The second key audience that must be addressed, meanwhile, will always be the staff. Succession necessarily breeds uncertainty, and in small businesses – and most large ones – that’s unwelcome. That’s why it’s vital that communication with employees starts early. The sooner people can start to adapt and have an opportunity to raise issues or risks, the sooner the business and its people can coalesce around the new leader. Only then can they move on.
Family and finance
That’s perhaps particularly an issue where the business is family-run and passing to the next generation. In these cases, there will always be doubts over the meritocracy of such successions, and it’s potentially impossible to satisfy everyone.
Two things, though, can help: First, that the successor can be seen to have ‘paid their dues’ – undertaking a rite of passage working in the business to gain the experience required, as well as the opportunity to earn the respect of their peers.
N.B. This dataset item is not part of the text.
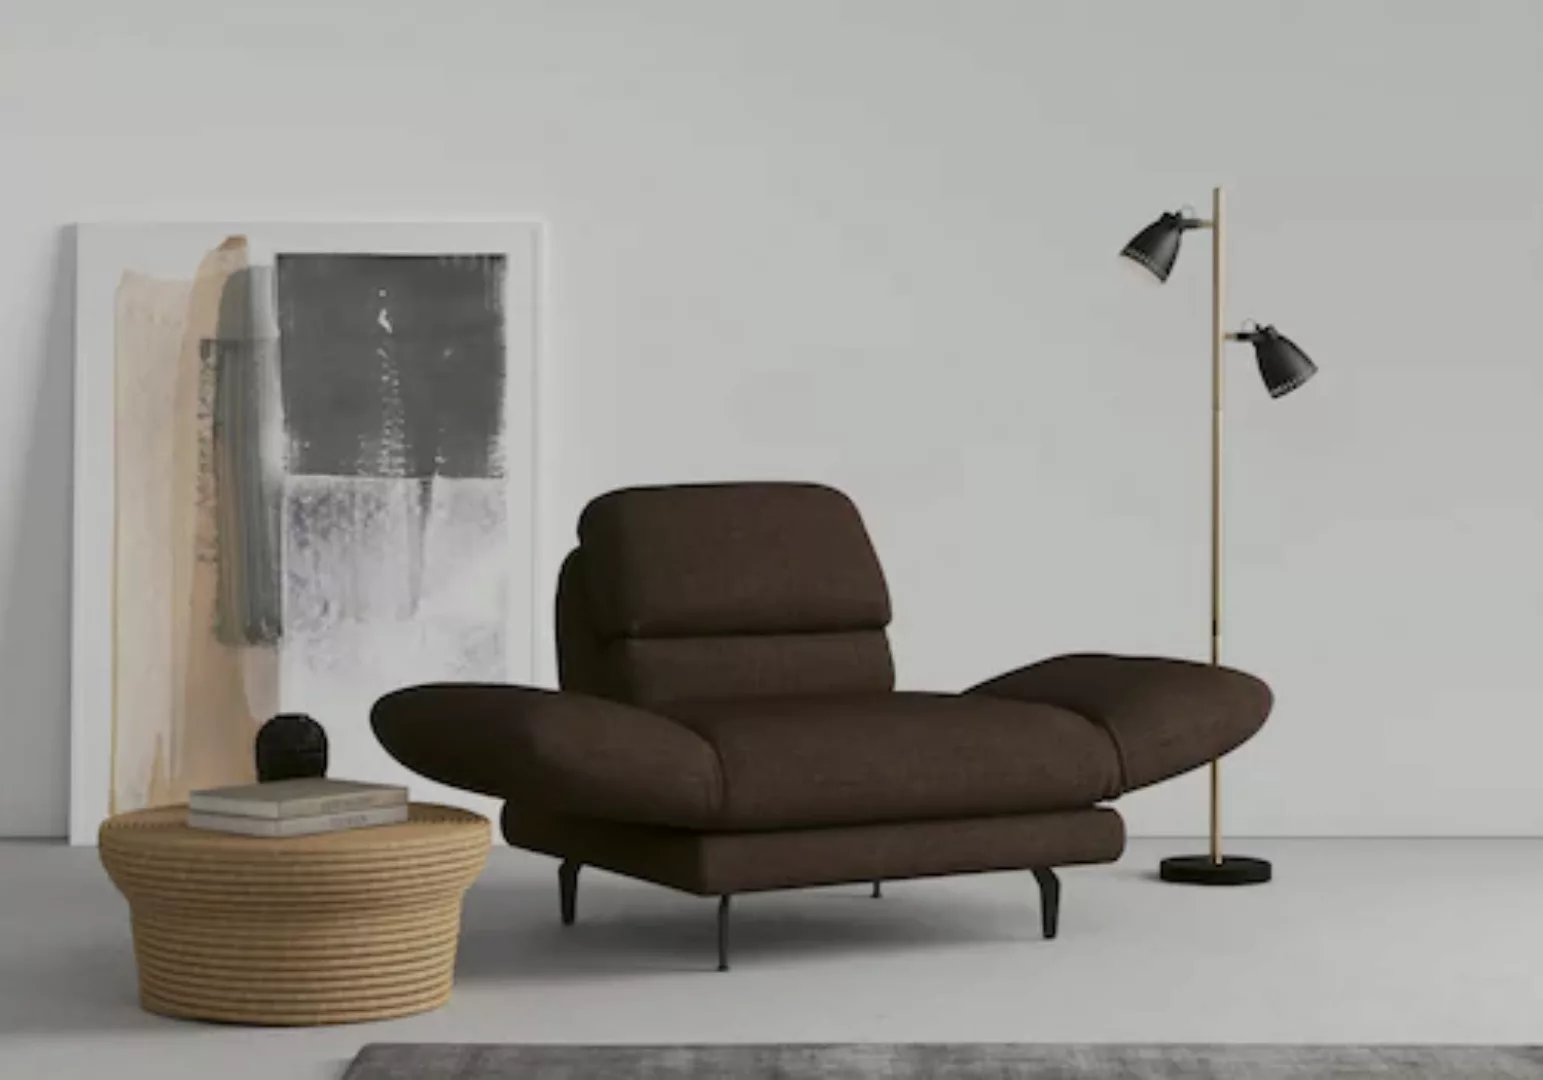 DOMO collection Sessel "Padova", wahlweise mit Arm- und Rückenfunktion günstig online kaufen

Second, the appointment process should be transparent and honest. If there are competing candidates who are not family members then all candidates must be properly considered, ideally by an independent non-executive, and the reasons behind the final decision explained. The last thing that either party wants is a poisoned atmosphere that a sense of entitlement brings. In the end though, nothing matters more than the hard work, drive and focus of the new appointee. From my own experience, I am sure that in ascending to the helm of Metapraxis following my father’s sudden retirement, having only been at the business for a few years, would have put some people’s nose out of joint. But I worked incredibly hard, and still do, to set a new strategy and achieve the growth that would bring with it opportunity and reward for everyone. Seven years on and four times bigger, I think we have formed a brilliant team.
Finally, in any succession planning process, financial and business data will be vital. With the replacement of a leader there is an inevitable loss of experience and this can negatively affect the quality of decisions. Humans rely on historical experiences to predict future outcomes – it is how our minds work, and is no different in a business context. Historical data will help a new team to better predict potential outcomes based on their actions. If the drivers of performance have been identified across the business, the inputs necessary to create a model of future performance are easier to put in place.
Nowadays, accountants and finance directors with the right tools can apply complex statistical modelling, very quickly, across vast amounts of data to pull out the trends needed to create accurate future predictions about a business’s prospects. Businesses need to use data to understand their key value drivers and the spread of these across customers, products, geographies and functions. ‘What if’ scenarios based on the data will also hugely amplify the planning process.
This process should clarify the roles that really matter and where succession planning is most important. In fact, it also highlights the final reason why planning can’t wait: It helps those running the business to really consider whether the right processes, communication, governance and knowledge sharing are in place. Ultimately, it will help the business run better – whoever’s at the head.